Politics

Trump Says Lives are at Stake in Renovation Project

CONSTRUCTION ALARM

The president warned of “Death and Destruction caused to our Country” if his beloved ballroom isn’t given the green light.

Donald Trump has recategorized his vanity ballroom project as a key military asset—with a risk of “death and destruction” if his full vision isn’t approved and funded.

Following Tuesday’s revelation that a “drone empire” and sniper station will be housed on the roof of the ballroom, Trump raged on Truth Social Sunday: “The DronePort at the White House Ballroom will be, perhaps, the most sophisticated anywhere in the World!

“It will safeguard our Nation’s Capital, Washington, D.C., long into the future.”

Trump Truth ballroom
According to Trump's Sunday musings, people could die if his militarized ballroom isn't completed. Truth Social/@realDonaldTrump

U.S. District Judge Richard Leon—in conjunction with the National Trust—temporarily ordered aboveground construction of the ballroom to be halted awaiting congressional approval. According to Trump, blood will be on his hands.

“Judge Richard Leon should stop playing games with America’s Security!,” he wrote. “If anything happens, he will be held responsible for the Death and Destruction caused to our Country.”

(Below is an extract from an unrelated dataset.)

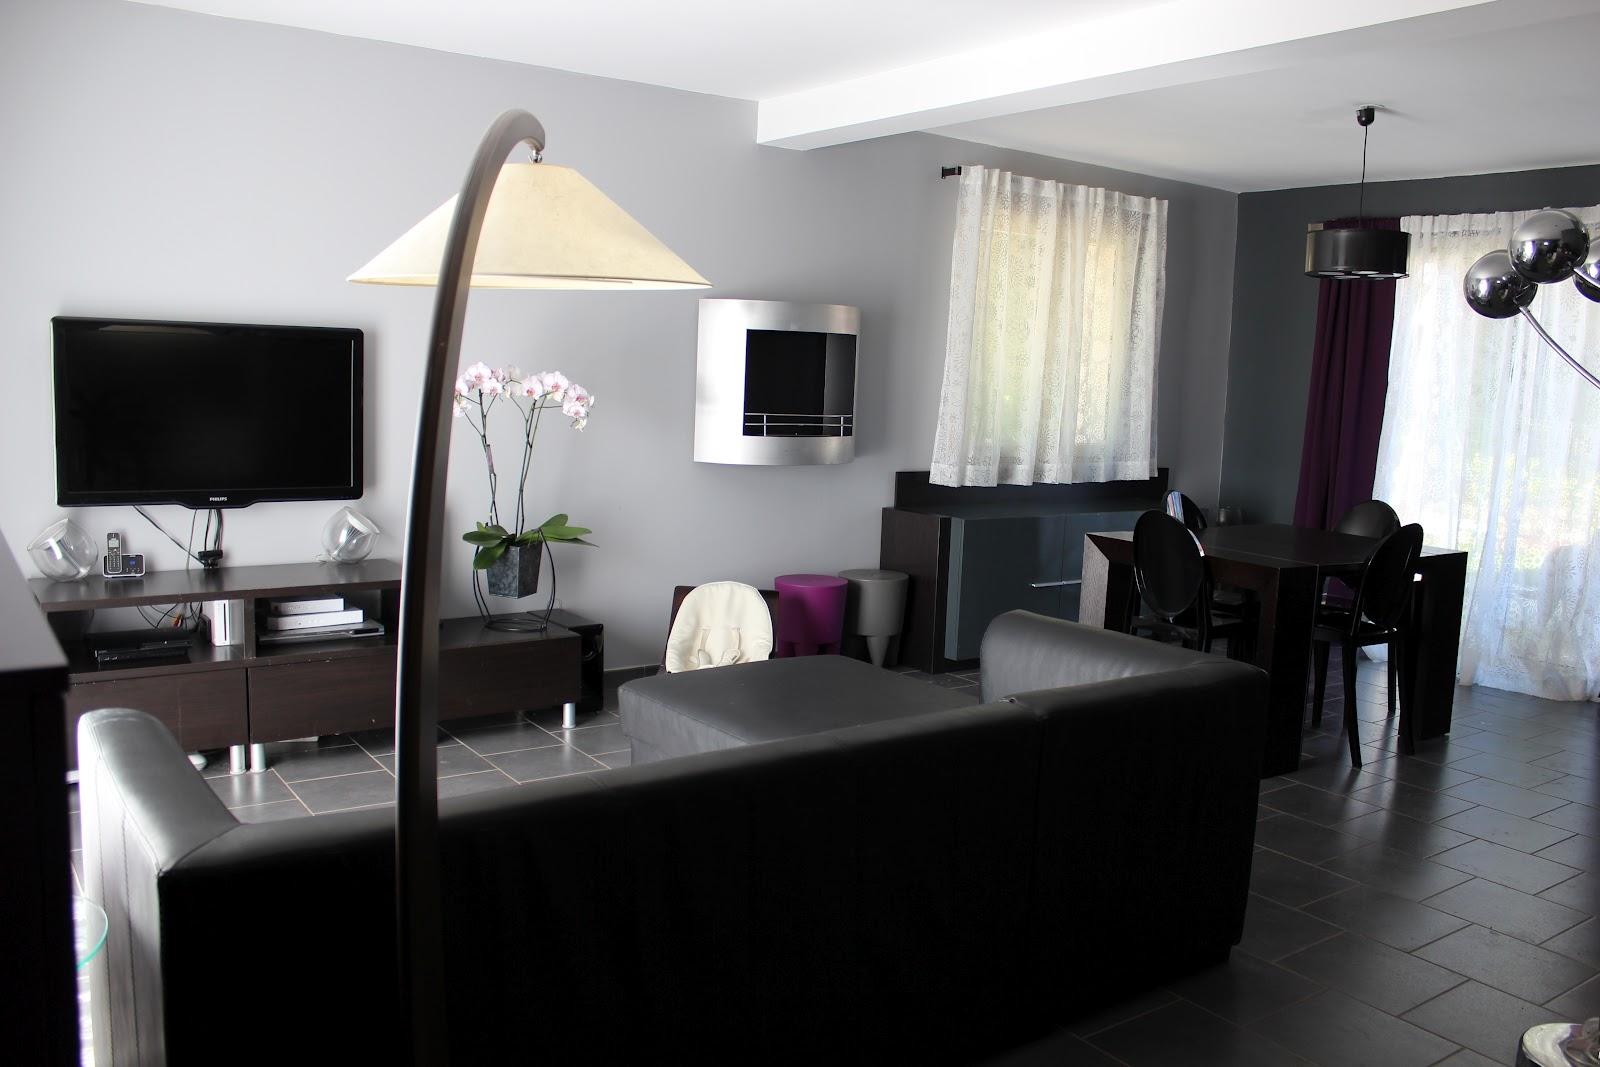 laekinol in dolomieu pi ce de vie. Black Bedroom Furniture Sets. Home Design Ideas

Trump included yet another rant against a dog-walking woman with “no standing” who supposedly raised the lawsuit against the ballroom, and concluded: “With the advent of highly sophisticated, and powerful, modern day weaponry, we can no longer defend Washington, D.C., with rifles and pistols, alone.”

Trump's frequent talk about the White House ballroom isn't appealing to voters the GOP needs in the November midterms, Karl Rove wrote.
Trump called for the lawsuit against the ballroom to be dismissed as a matter of national security. Kevin Lamarque/REUTERS

While the ballroom was initially a $100 million project involving the destruction of the East Wing in order to create an area for visitors to the White House, it has quickly spiraled.

The project has since ballooned into a $400 million undertaking funded by private donors, and was quietly folded into an immigration enforcement bill that would have unlocked up to $1 billion in public funding before the measure was defeated earlier this month.

Trump has now presented the completion of the ballroom as a matter of national security, explaining that it will be drone-proof and will include bunkers, a military hospital, and a research facility.

A member of the media raises her hand for a question as U.S. President Donald Trump talks while holding up renderings of the planned White House ballroom, aboard Air Force One en route to Joint Base Andrews, Maryland, U.S., March 29, 2026.
The president focused on his plans for drones to inhabit the ballroom roof, after MAGA jumped on recent shootings as proof of the ballroom's necessity. Elizabeth Frantz/Reuters

The president and his MAGA cronies have jumped on the WHCA dinner attack and last week’s shooting outside the White House as clear examples that the lawsuit against the ballroom needs to be dropped.

In a Justice Department court filing submitted after the May 2023 shooting, Acting Attorney General Todd Blanche argued that the incident “underscores the critical need for top-level, state-of-the-art security at the White House,” including the proposed ballroom, which he described as “an integrated, unified component of the East Wing Project” that is “vital to national security.”